BEGIN Dataset records

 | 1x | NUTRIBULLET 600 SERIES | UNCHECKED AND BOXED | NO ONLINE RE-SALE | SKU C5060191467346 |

END Dataset records
BEGIN Dataset records

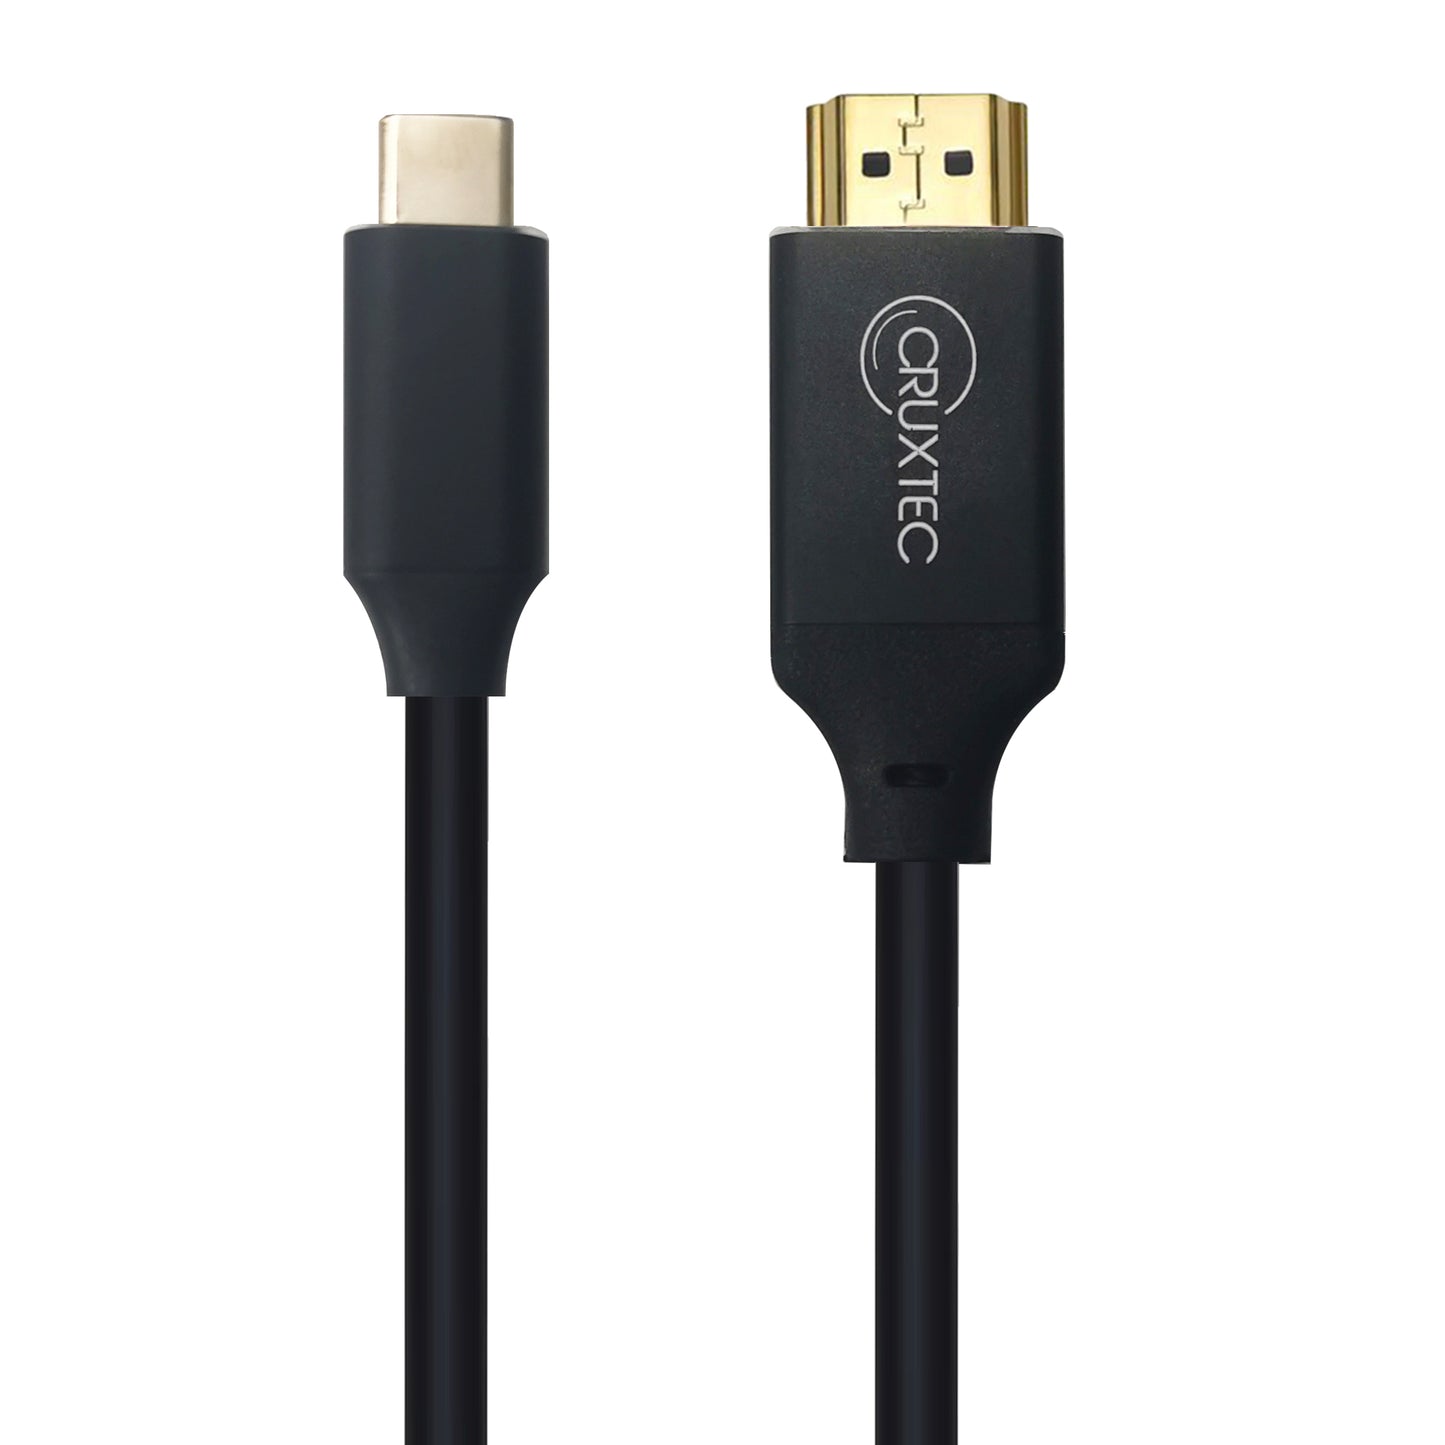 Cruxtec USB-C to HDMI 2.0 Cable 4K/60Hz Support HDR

END Dataset records
BEGIN Dataset records

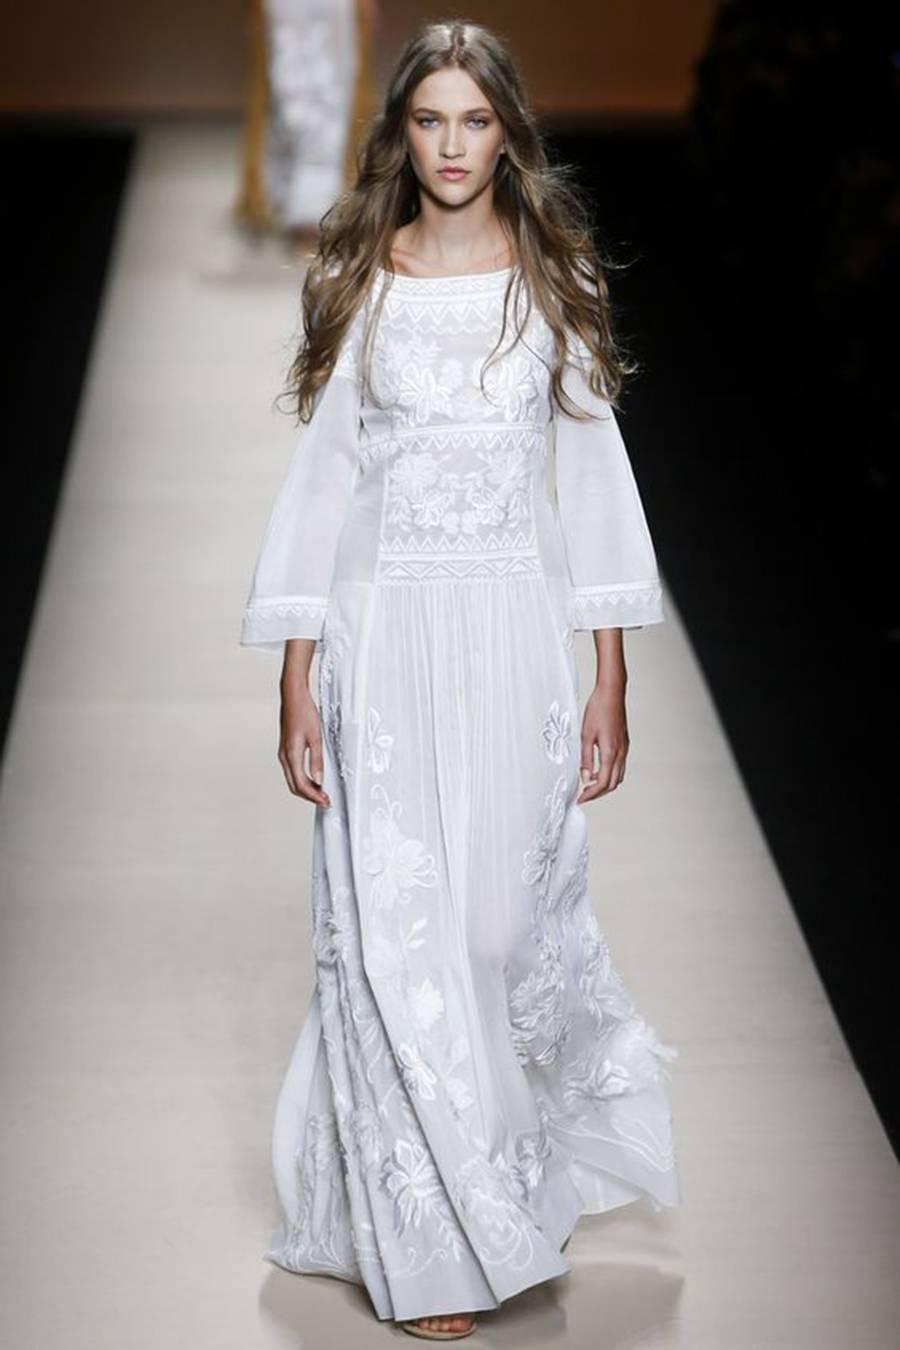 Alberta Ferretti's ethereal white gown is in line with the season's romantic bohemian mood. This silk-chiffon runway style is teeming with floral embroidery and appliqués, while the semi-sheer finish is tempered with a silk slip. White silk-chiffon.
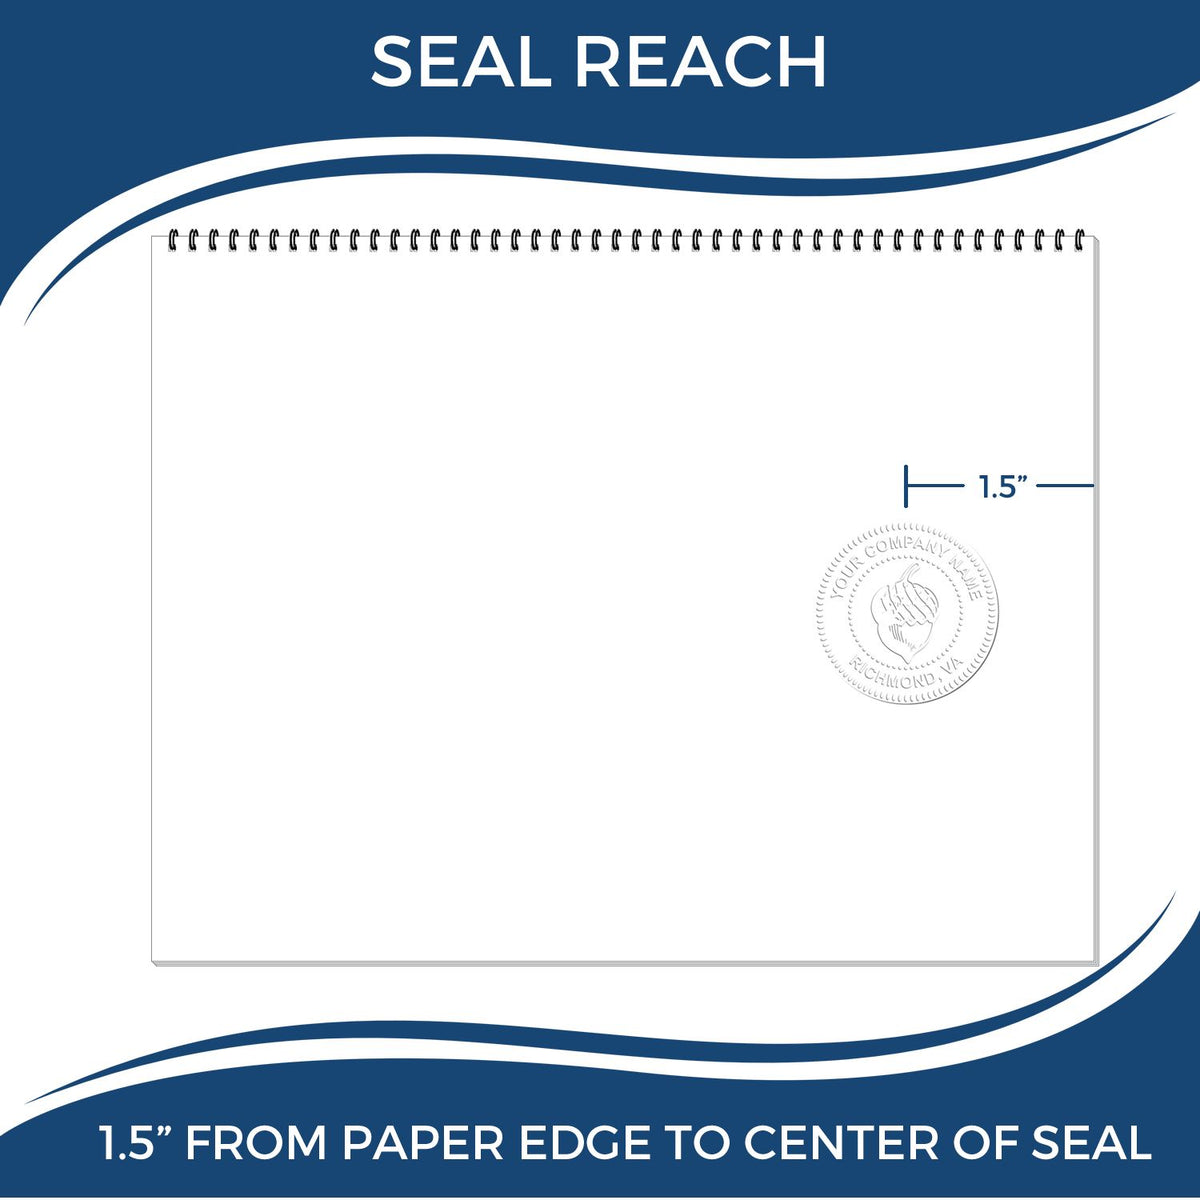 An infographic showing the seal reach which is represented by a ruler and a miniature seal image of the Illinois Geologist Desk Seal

END Dataset records

Description of the task — While skipping the pictures, transcribe the data above from the line showing "Alberta Ferretti's ethereal" through the line showing "An infographic showing", exactly and with both ends.

Exercise output —
 Alberta Ferretti's ethereal white gown is in line with the season's romantic bohemian mood. This silk-chiffon runway style is teeming with floral embroidery and appliqués, while the semi-sheer finish is tempered with a silk slip. White silk-chiffon.
 An infographic showing the seal reach which is represented by a ruler and a miniature seal image of the Illinois Geologist Desk Seal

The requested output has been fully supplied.